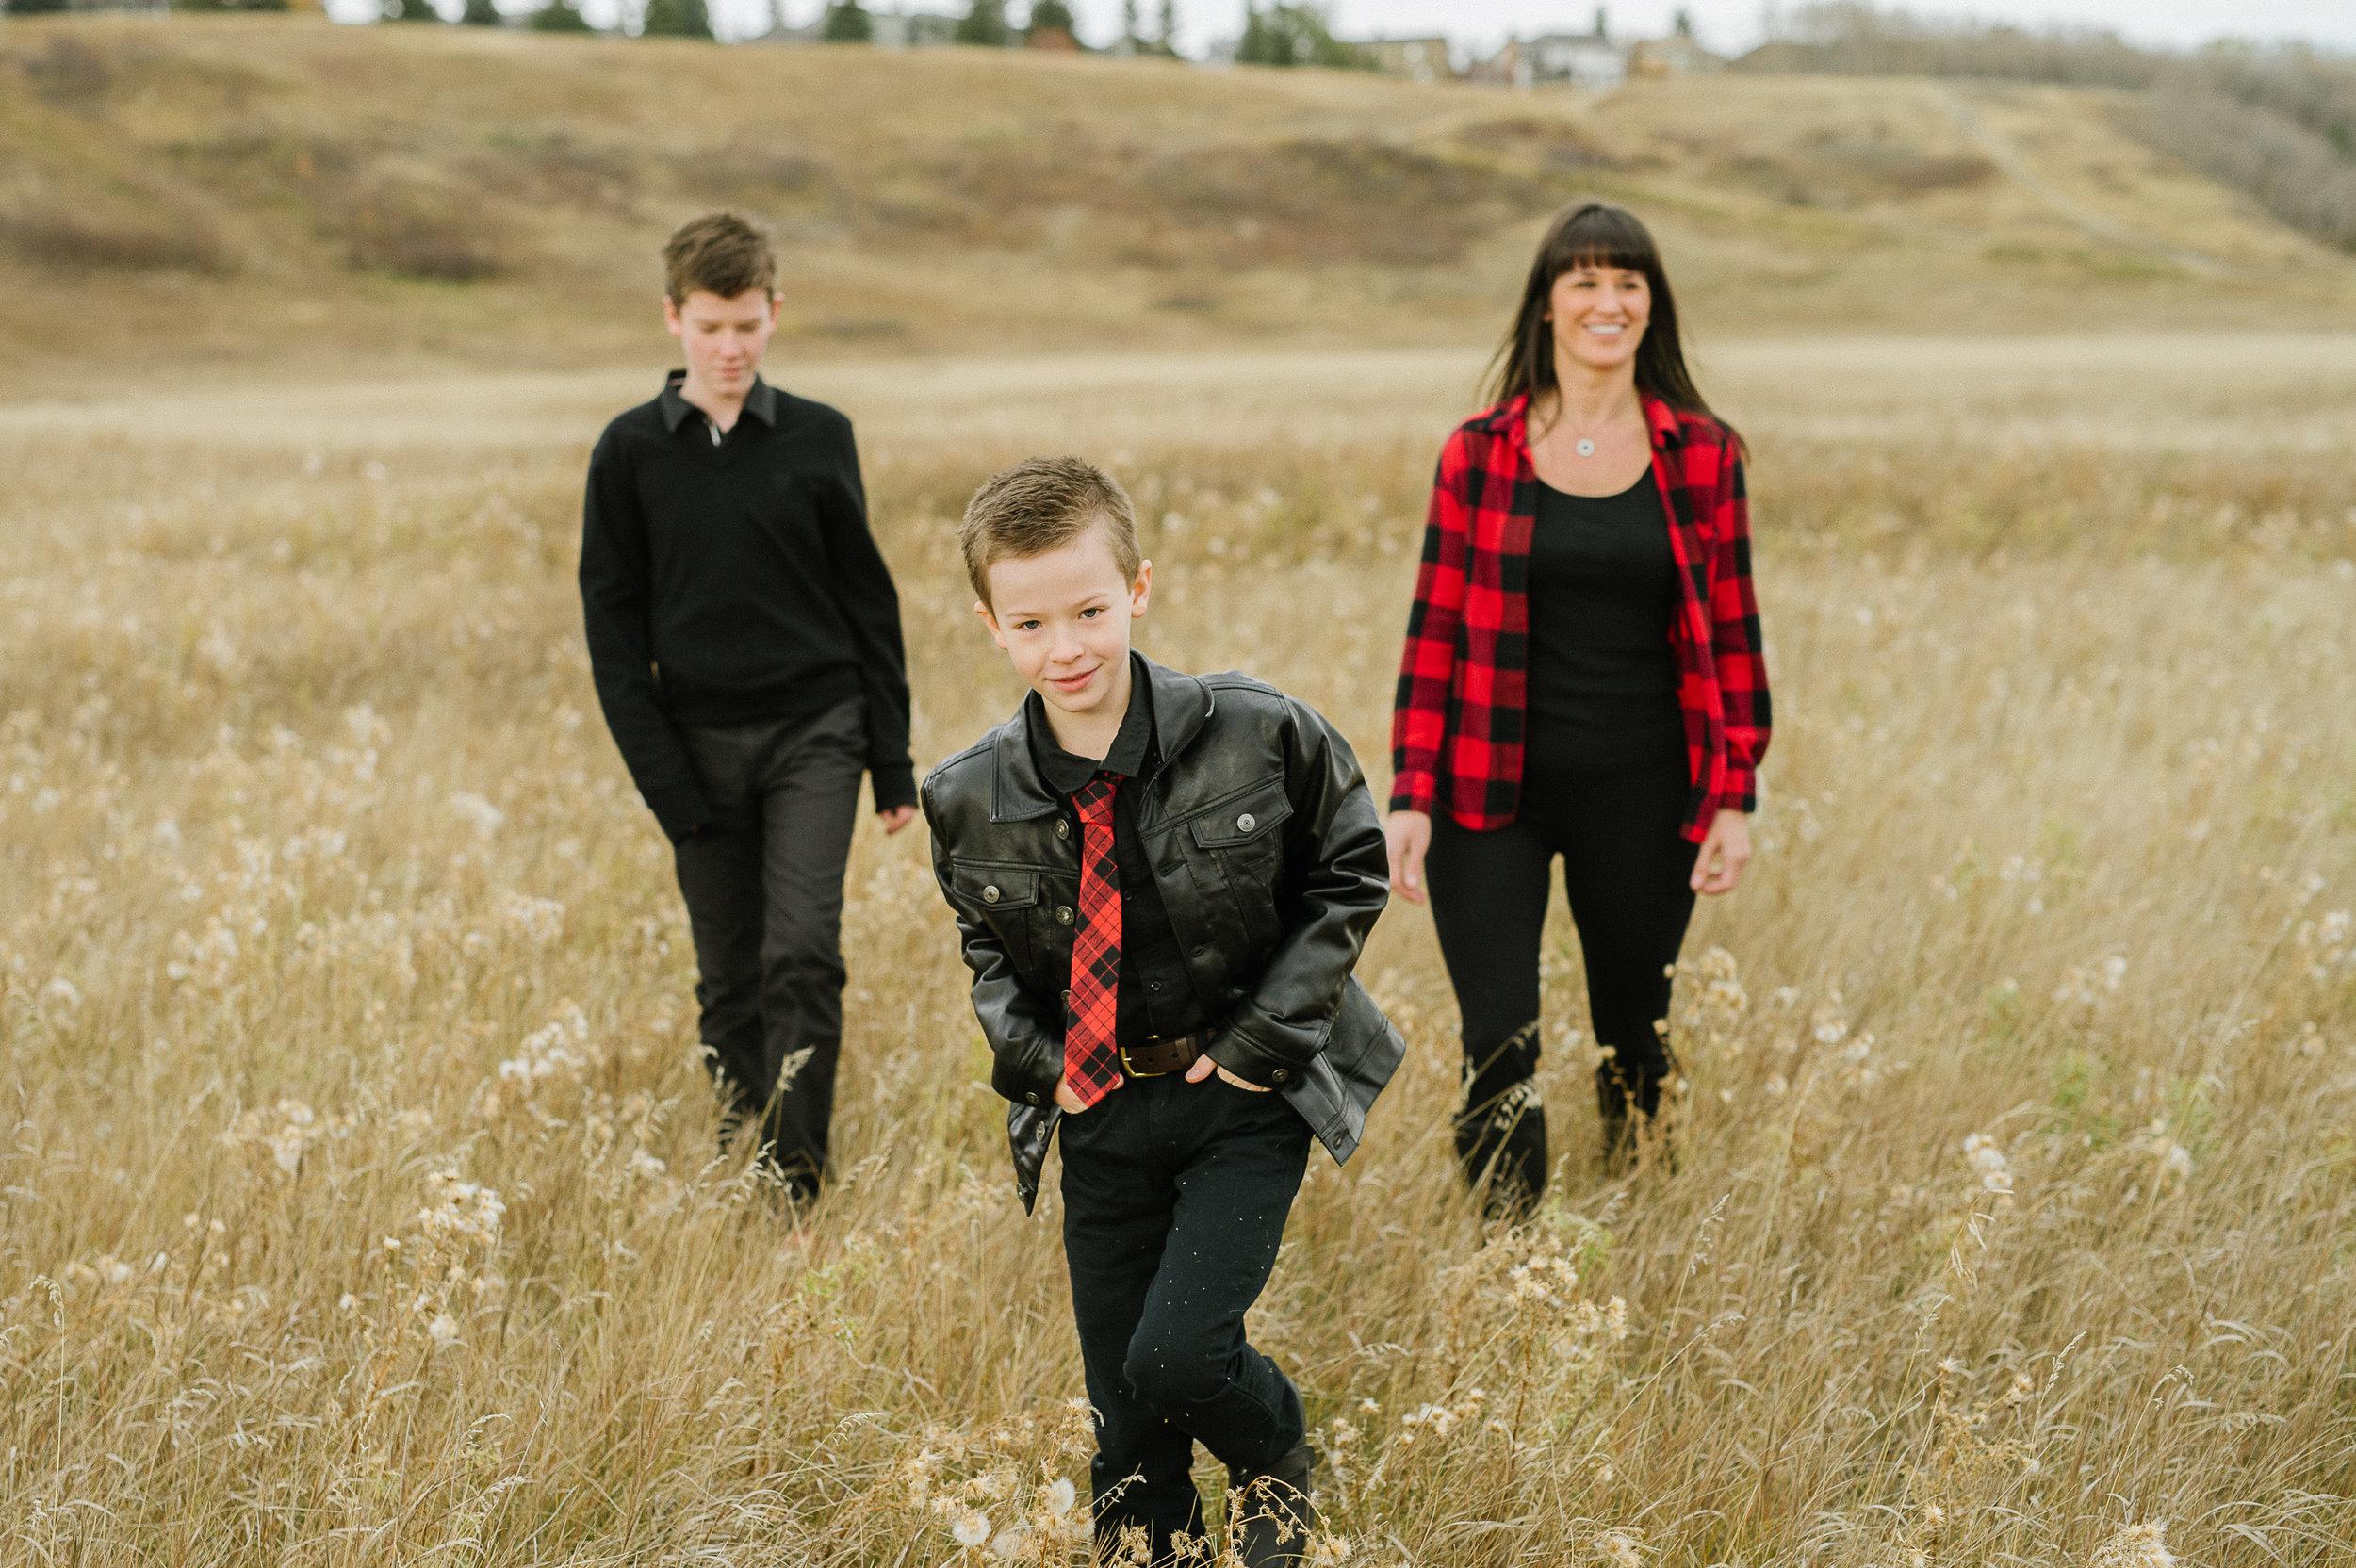 Calgary_Family_Photography_Peters_2017_HR 0030.jpg
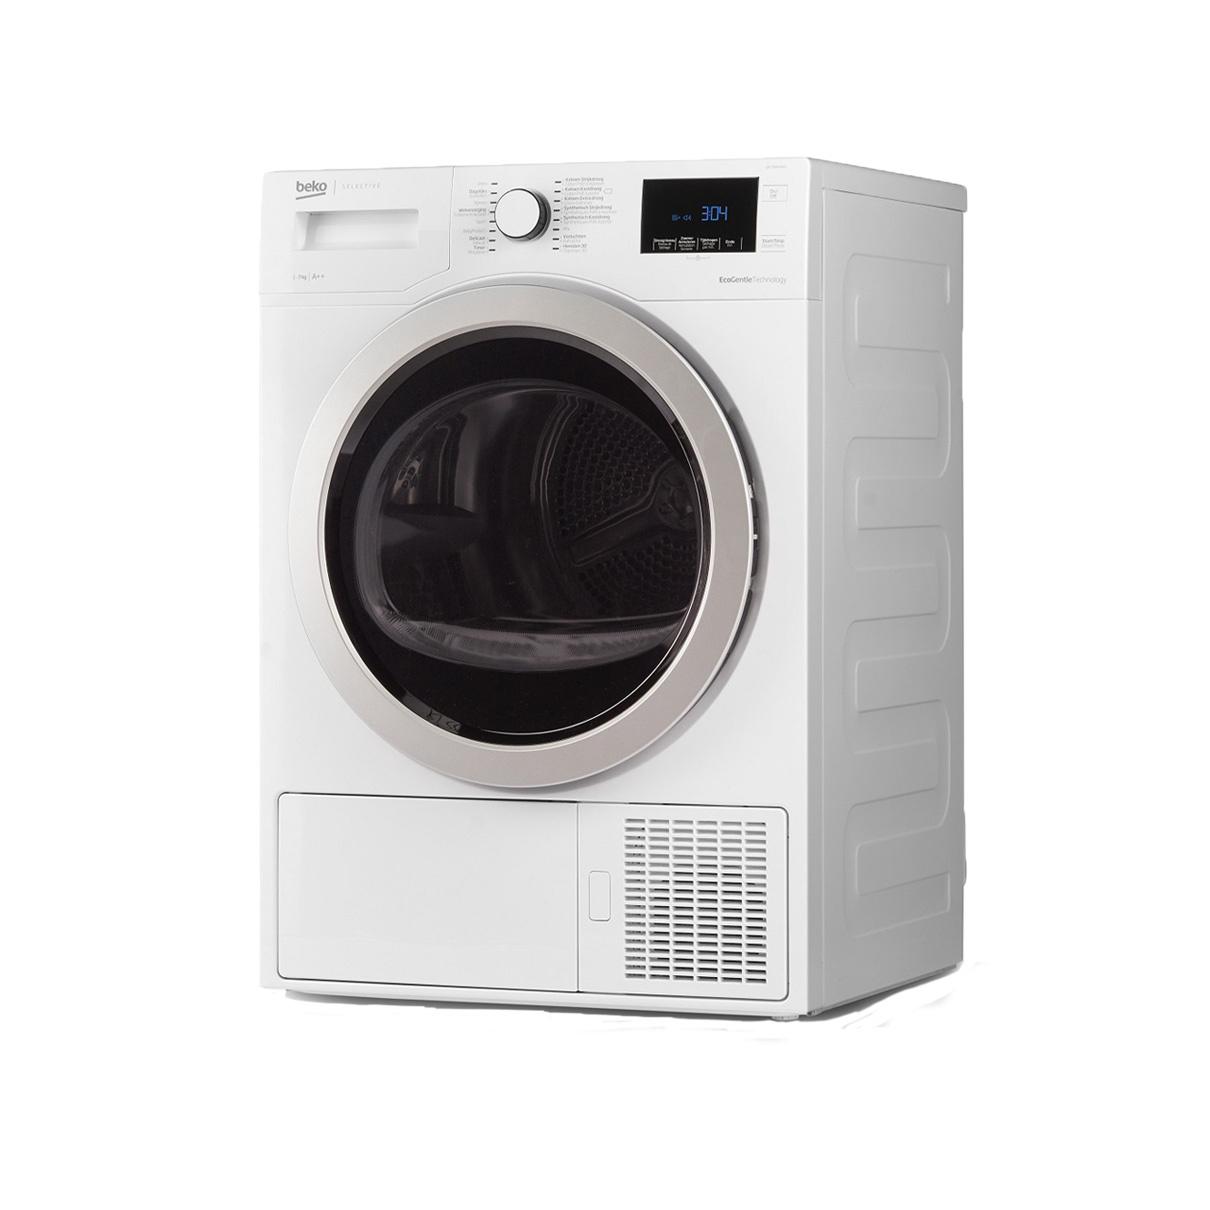 Warmtepomp wasdrogers
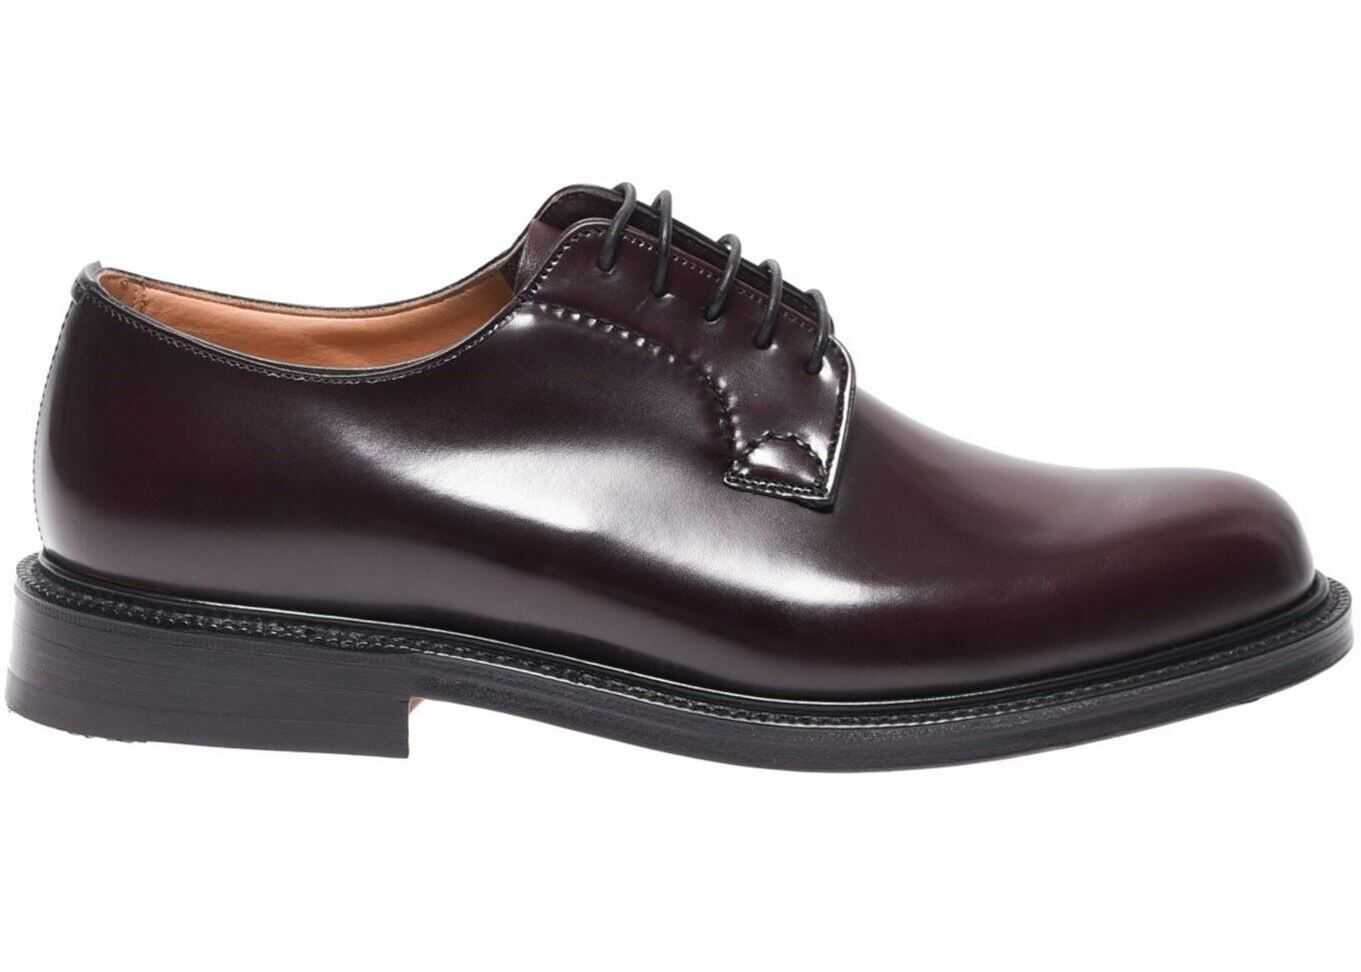 Church's Shannon Glossy Burgundy Leather Derby Shoes EEB001 9XV F0ADY Red imagine b-mall.ro

(Task to complete) The whole listing must be transcribed exactly. No pictures belong in the copy.

(Result of this exercise)
 Calgary_Family_Photography_Peters_2017_HR 0030.jpg
 Warmtepomp wasdrogers
 Church's Shannon Glossy Burgundy Leather Derby Shoes EEB001 9XV F0ADY Red imagine b-mall.ro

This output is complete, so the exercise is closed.